:: EXERCISE INSTRUCTIONS ::
For this exercise, return exactly the lines of the material below that begin at the one with "Men's Gym Life Tee" and stop after the one with "Каанапали Мауи Гавайи.".

:: RECORDS SHOWN ::
━━━━━━
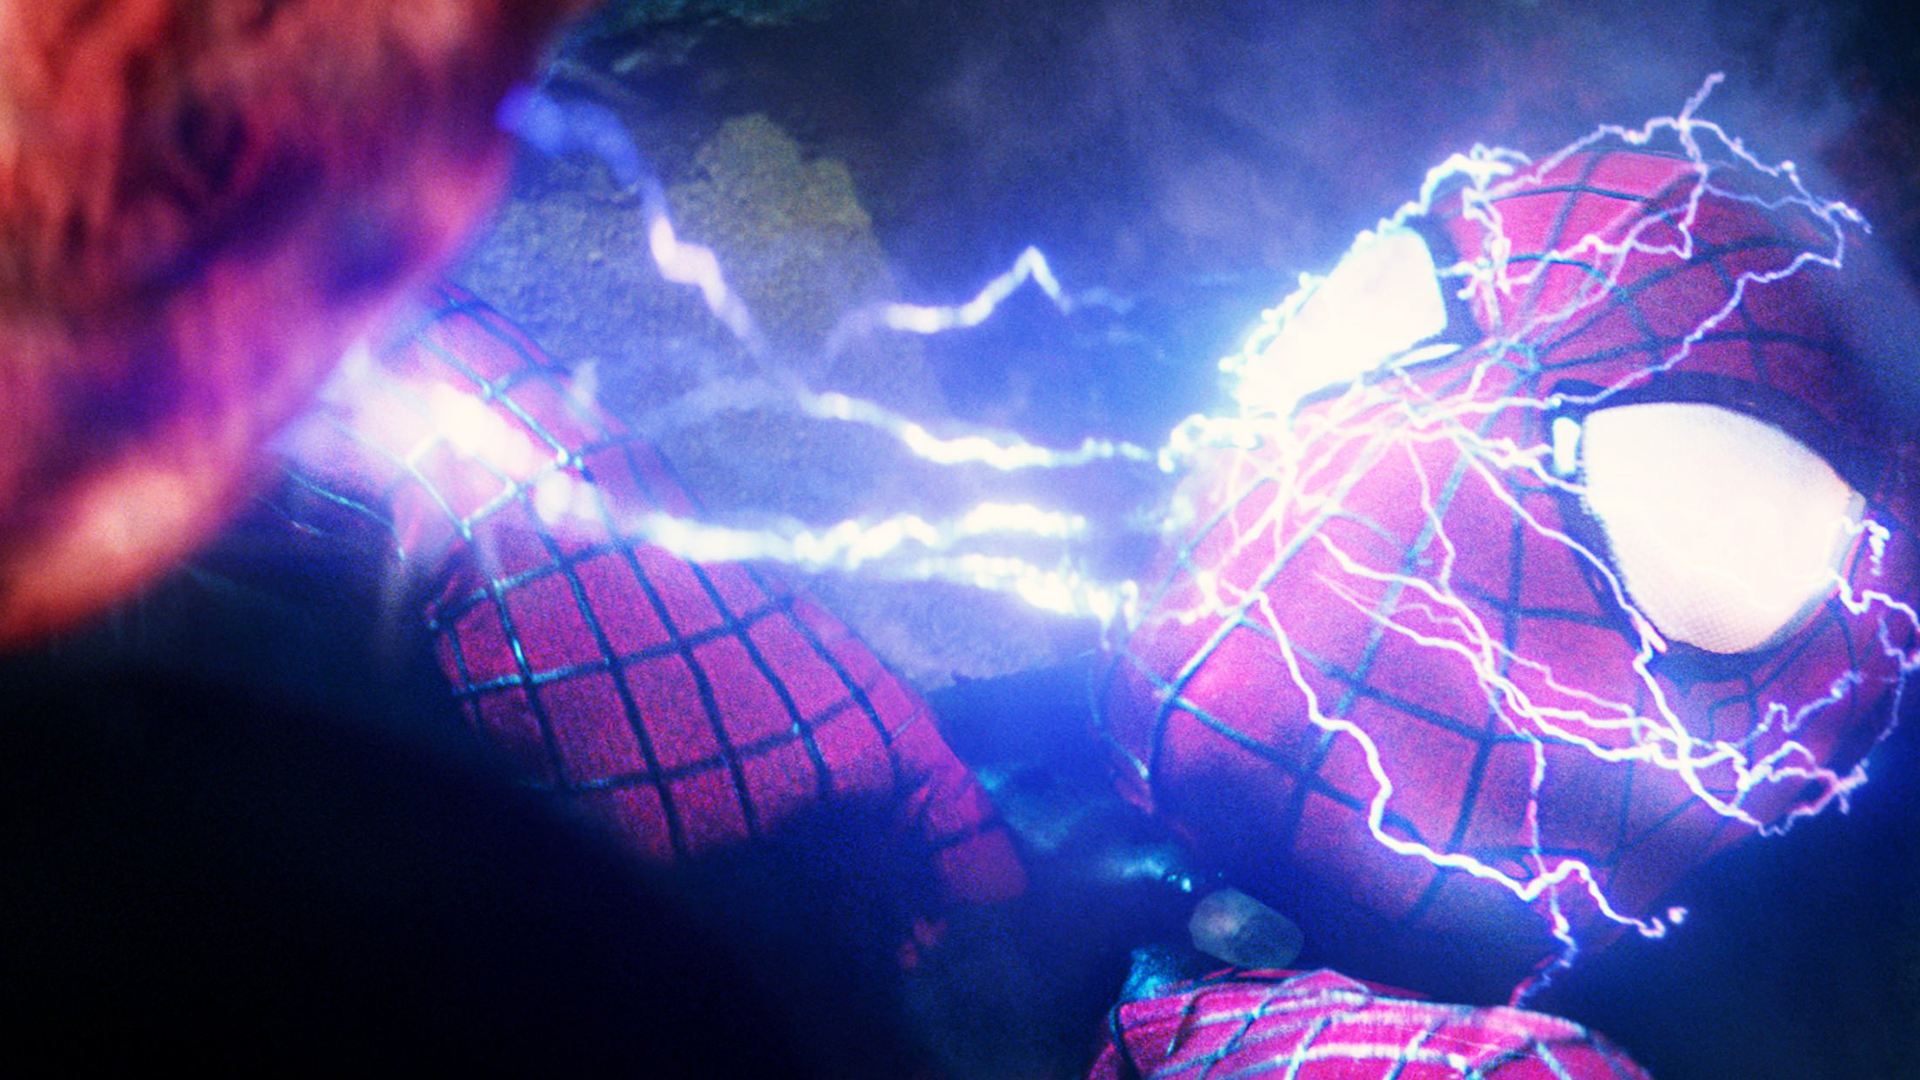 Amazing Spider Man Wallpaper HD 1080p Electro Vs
━━━━━━
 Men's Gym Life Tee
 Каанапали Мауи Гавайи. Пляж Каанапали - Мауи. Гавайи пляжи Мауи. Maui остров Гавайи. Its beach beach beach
━━━━━━
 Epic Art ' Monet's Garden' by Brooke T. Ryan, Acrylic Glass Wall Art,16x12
━━━━━━
:: RESULT ::
 Men's Gym Life Tee
 Каанапали Мауи Гавайи. Пляж Каанапали - Мауи. Гавайи пляжи Мауи. Maui остров Гавайи. Its beach beach beach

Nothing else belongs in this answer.